== Dataset content ==
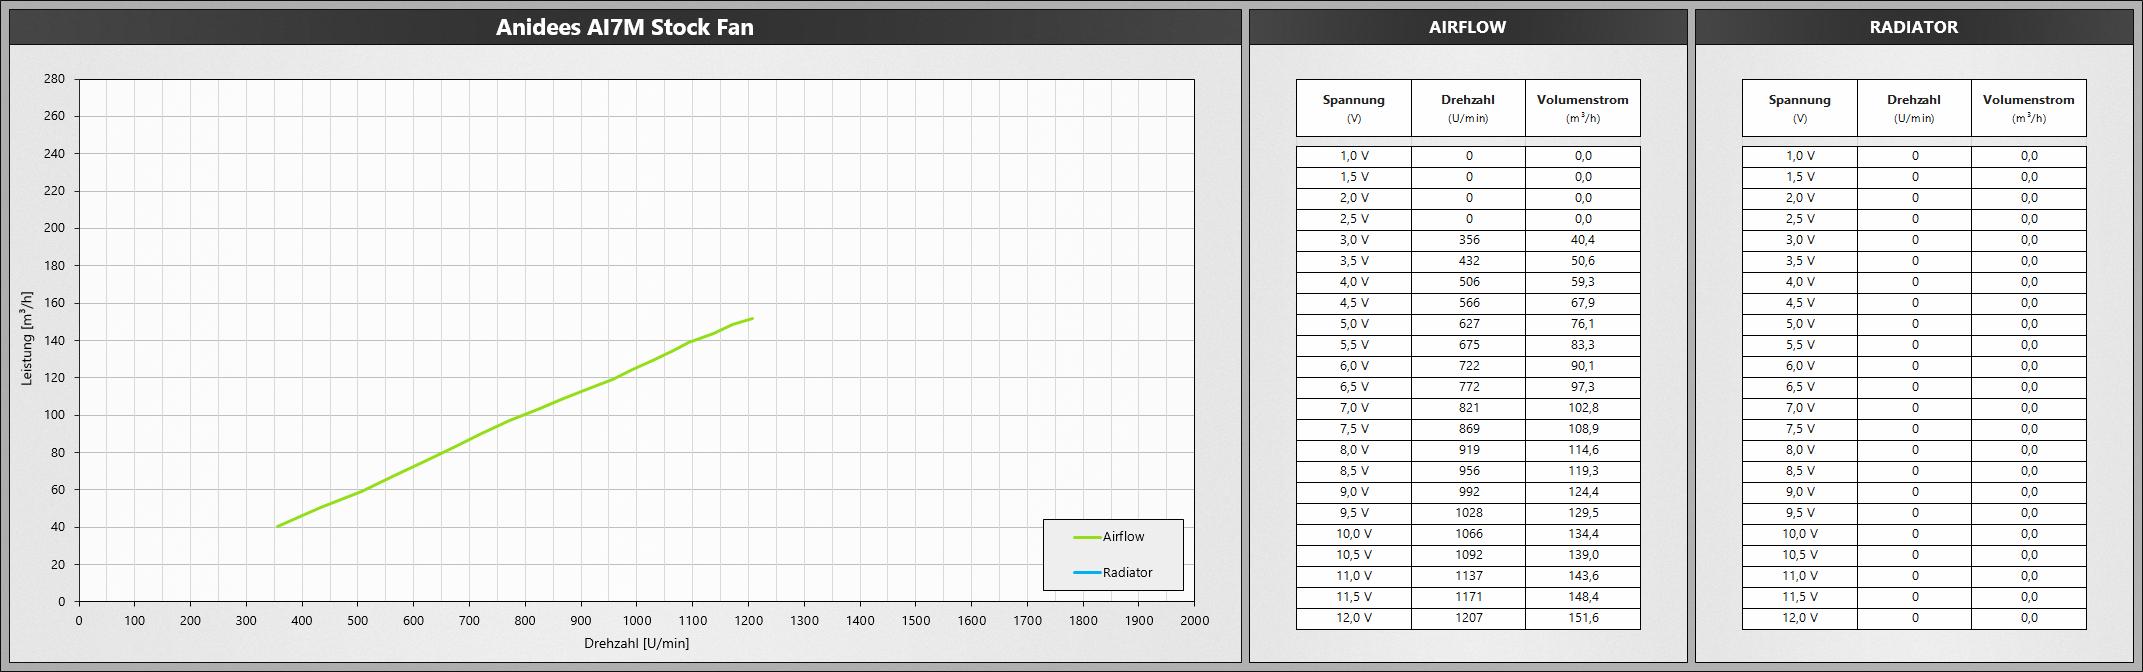 Klicken Sie auf die Grafik für eine größere Ansicht  Name:AnideesAI7M-Stock.png Hits:686 Größe:467,3 KB ID:1074749
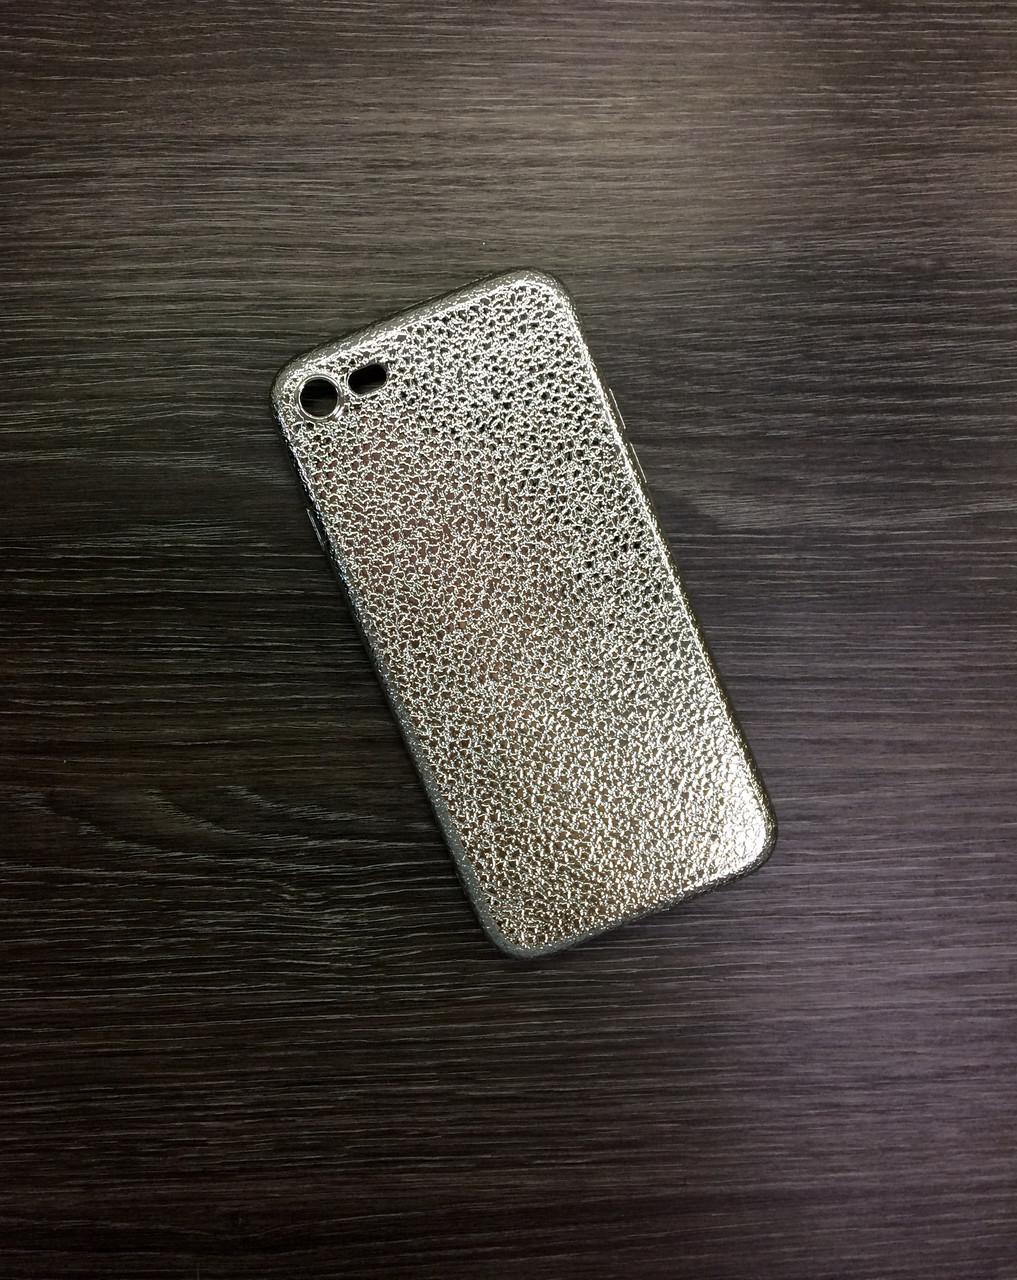 Силиконовый чехол для iPhone 6 / 6S Серебро под кожу
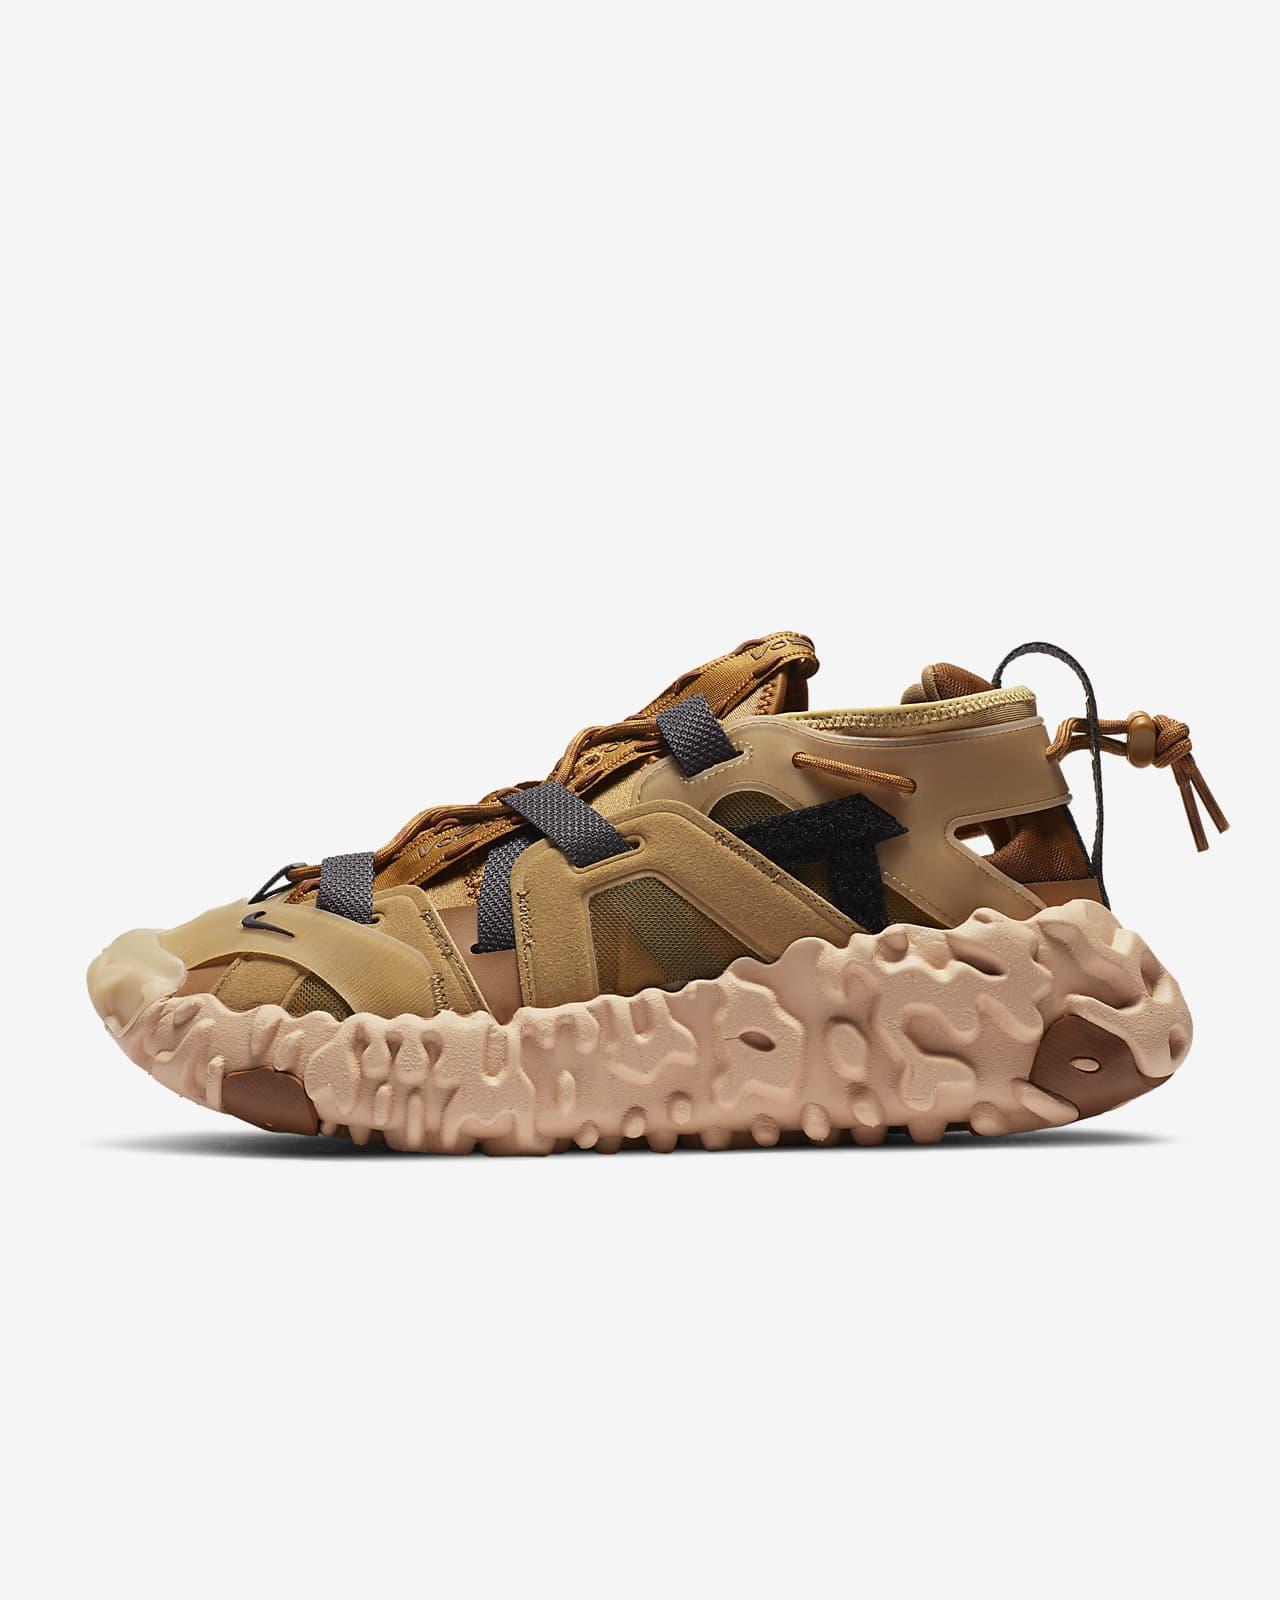 Nike ISPA OverReact Sandalias
===
What needs to be done
Each line of the data must be transcribed exactly; pictures are not carried over.

Answer box
 Klicken Sie auf die Grafik für eine größere Ansicht  Name:AnideesAI7M-Stock.png Hits:686 Größe:467,3 KB ID:1074749
 Силиконовый чехол для iPhone 6 / 6S Серебро под кожу
 Nike ISPA OverReact Sandalias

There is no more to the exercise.